Pero esta sensación de control no pretende sentirse artificial. Eso es increíblemente complicado con los autos eléctricos, ya que el proceso de combustión es responsable de gran parte del carácter inherente de un coche alimentado por petróleo. Hoy en día, el grado en que los sonidos del motor son “reales” es, como muchas cosas hoy en día, un tema de debate, pero en el extremo opuesto del espectro, por lo general no hay nada orgánico en la experiencia acústica de un VE. Con raras excepciones, el sonido de un VE es poco más que una simple afectación.



Pero, en lugar de intentar imitar una banda sonora de combustión interna, Bentley miró en su lugar las sensaciones y estímulos que asociamos con los sonidos de motor natural, si no la fuente real. Los motores son imperfectos, y también ruidos que producen. Eso empujó a Bentley a usar sonidos generados por seres vivos, en lugar de algo sintetizado. ¿El resultado? Una banda sonora instrumental.
Piensa en el vaivén de un V8 con alto alzado—todas esas pequeñas explosiones golpeando contra las cabezas de los pistones en un ritmo algo imperfecto. Ahí está tu latido inactivo, representado en el sonido de propulsión de Bentley por tambores. El sonido se enriquece con otros instrumentos, incluida la viola y la guitarra baja. Y como un motor de combustión real, el ruido del Torcal no está ligado a la velocidad del coche, sino al trabajo real que exigen sus motores. A medida que la carga del motor aumenta, el sonido se vuelve más profundo y contundente, hasta el punto en que lo sientes en el pecho. Acelera con ímpetu y el tempo se acelera y entran las frecuencias más altas. Suena correcto. Suena como si perteneciera allí.
Y antes, cuando mencioné que Bentley dejó algo de la tecnología de Porsche en la mesa? Me refería a Porsche Active Ride. Es una cosa interesante, pero no contribuye a hacer que el auto se sienta más orgánico. El sistema eléctrico de 800 voltios que soporta la tecnología del chasis existe en el Torcal, así que su suspensión es tan sensible como la de Porsche. Hay muchas cosas que harán que el Bentley Torcal sea un VE interesante, incluso atractivo, pero Bentley simplemente decidió no meterse con algo que va en contra de su misión.

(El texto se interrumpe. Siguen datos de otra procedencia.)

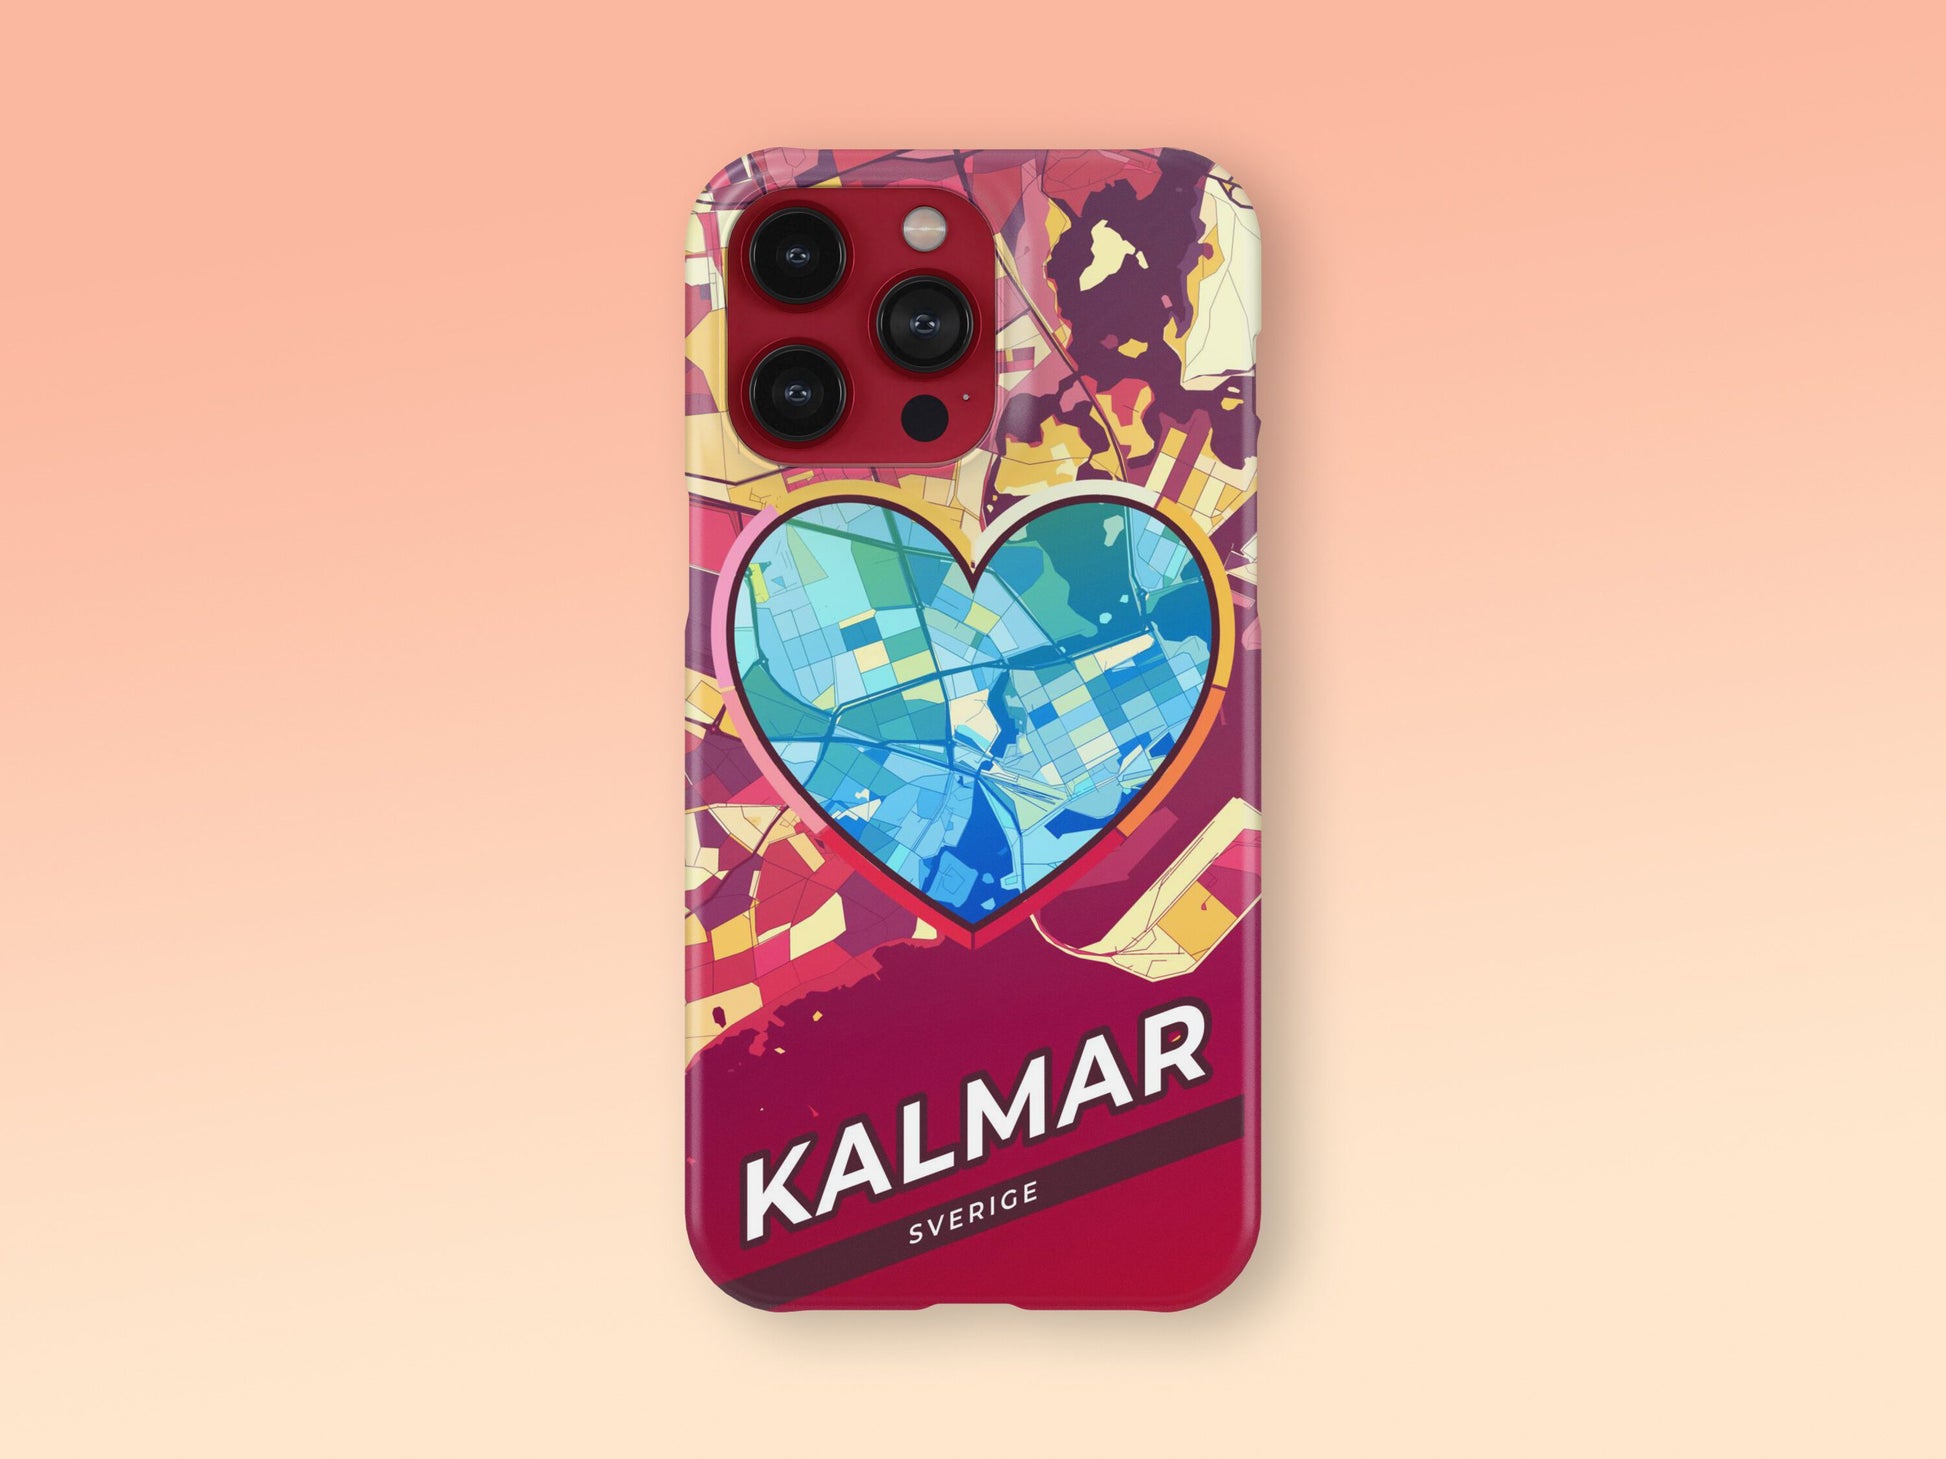 Kalmar Sweden slim phone case with colorful icon. Birthday, wedding or housewarming gift. Couple match cases. 2

Y antes de cerrar este particular comentario sobre la “Bentley-ness”, no puedo evitar señalar una característica más, o mejor dicho, la ausencia de ella. Bentley dice que el Torcal no tendrá una pantalla para pasajeros. Eso parece una buena señal de que la marca “lujo para el conductor” sigue teniendo la cabeza bien puesta, ¿verdad?